Setup completed successfully


In [18]:
# Import Python Libraries
from bs4 import BeautifulSoup
import nltk
import re
import string
import warnings
import numpy as np
import pandas as pd
from collections import Counter
from nltk.stem import WordNetLemmatizer 
from nltk import word_tokenize
from nltk.corpus import stopwords
from sklearn.neighbors import KNeighborsClassifier
from sklearn.tree import DecisionTreeClassifier
from sklearn.metrics import accuracy_score
nltk.download('wordnet')
warnings.filterwarnings('ignore')
nltk.download('punkt')
nltk.download("stopwords")
nltk.download('averaged_perceptron_tagger')

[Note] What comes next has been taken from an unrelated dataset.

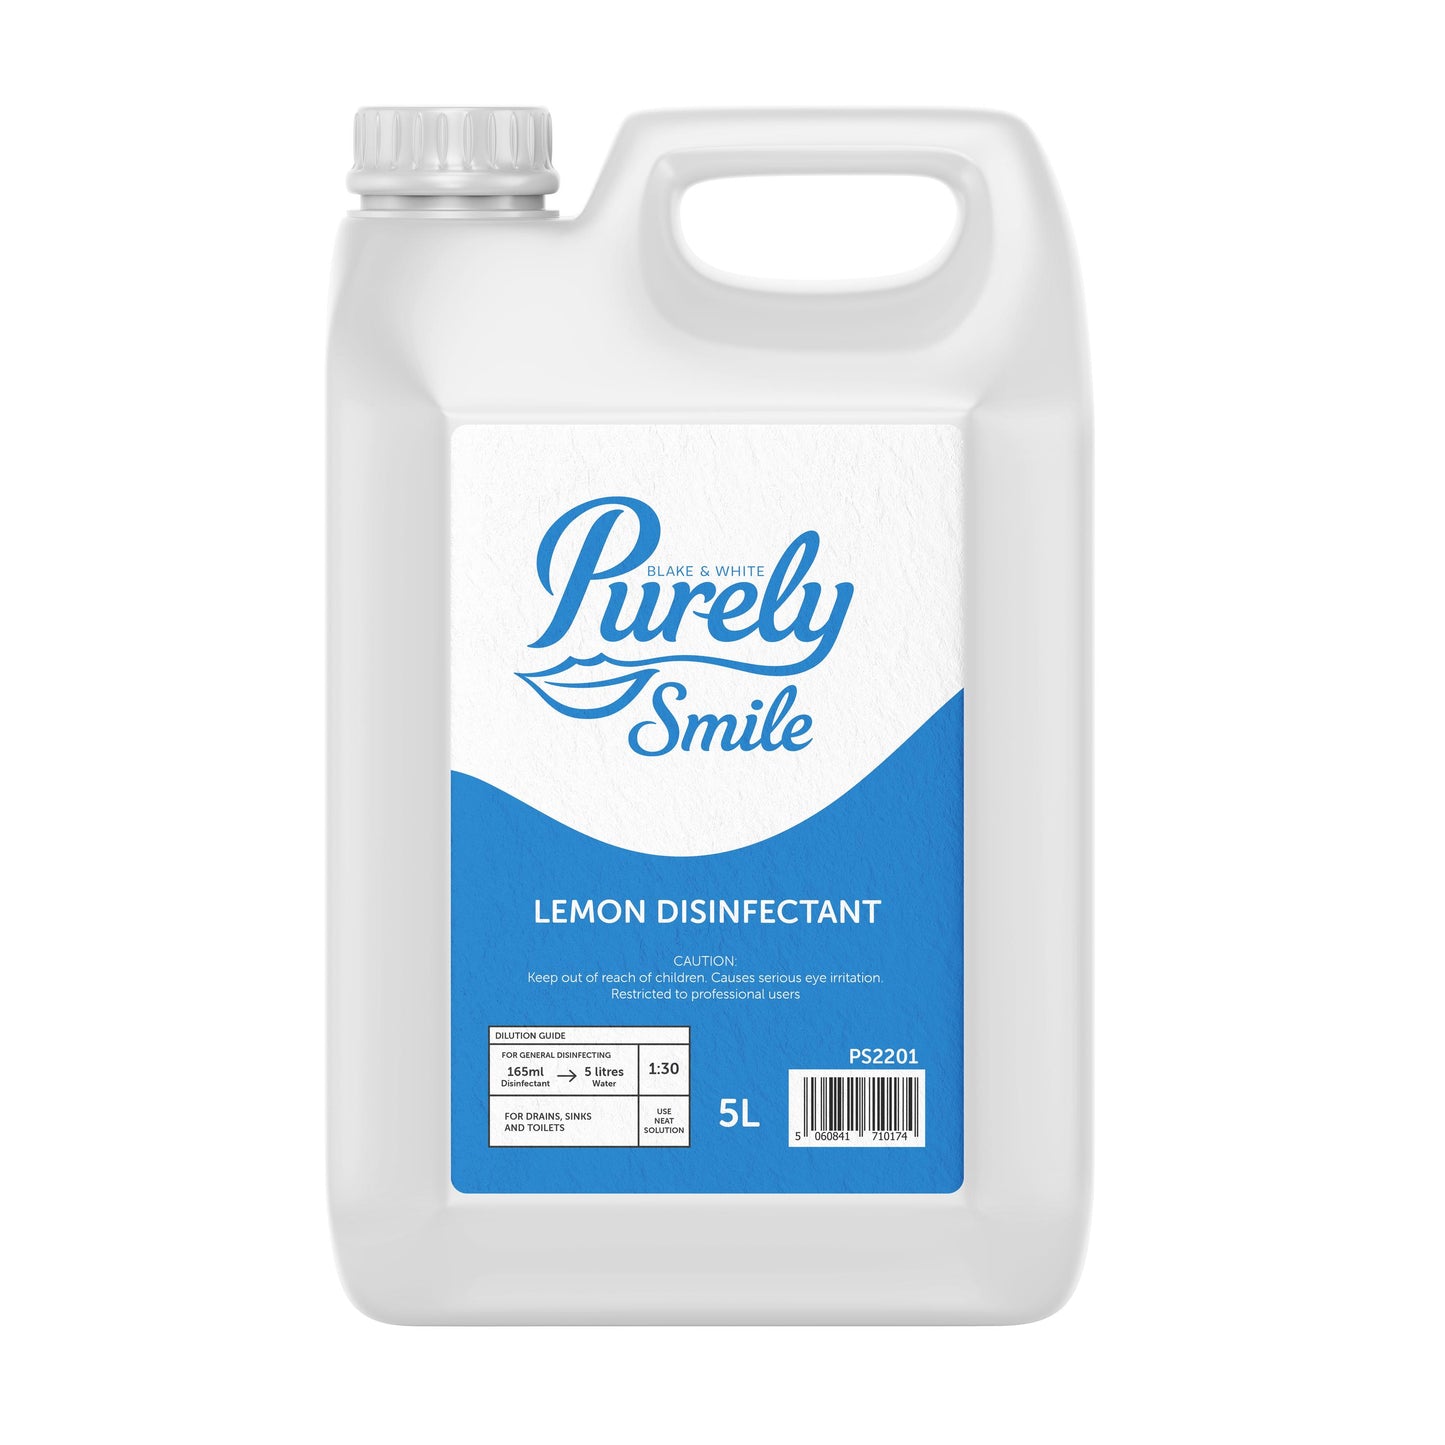 Purely Smile Lemon Disinfectant 5L

[nltk_data] Downloading package wordnet to /root/nltk_data...
[nltk_data]   Package wordnet is already up-to-date!
[nltk_data] Downloading package punkt to /root/nltk_data...
[nltk_data]   Package punkt is already up-to-date!
[nltk_data] Downloading package stopwords to /root/nltk_data...
[nltk_data]   Package stopwords is already up-to-date!
[nltk_data] Downloading package averaged_perceptron_tagger to
[nltk_data]     /root/nltk_data...
[nltk_data]   Package averaged_perceptron_tagger is already up-to-
[nltk_data]       date!


True

In [2]:
!ls

Aptitude_Classification_data.csv  Mentors_Test_Data.csv  sample_data


##   **Stage 1**:  Dataset Preparation

### 1 Mark -> Load the data set and prepare the data based on group allocation. 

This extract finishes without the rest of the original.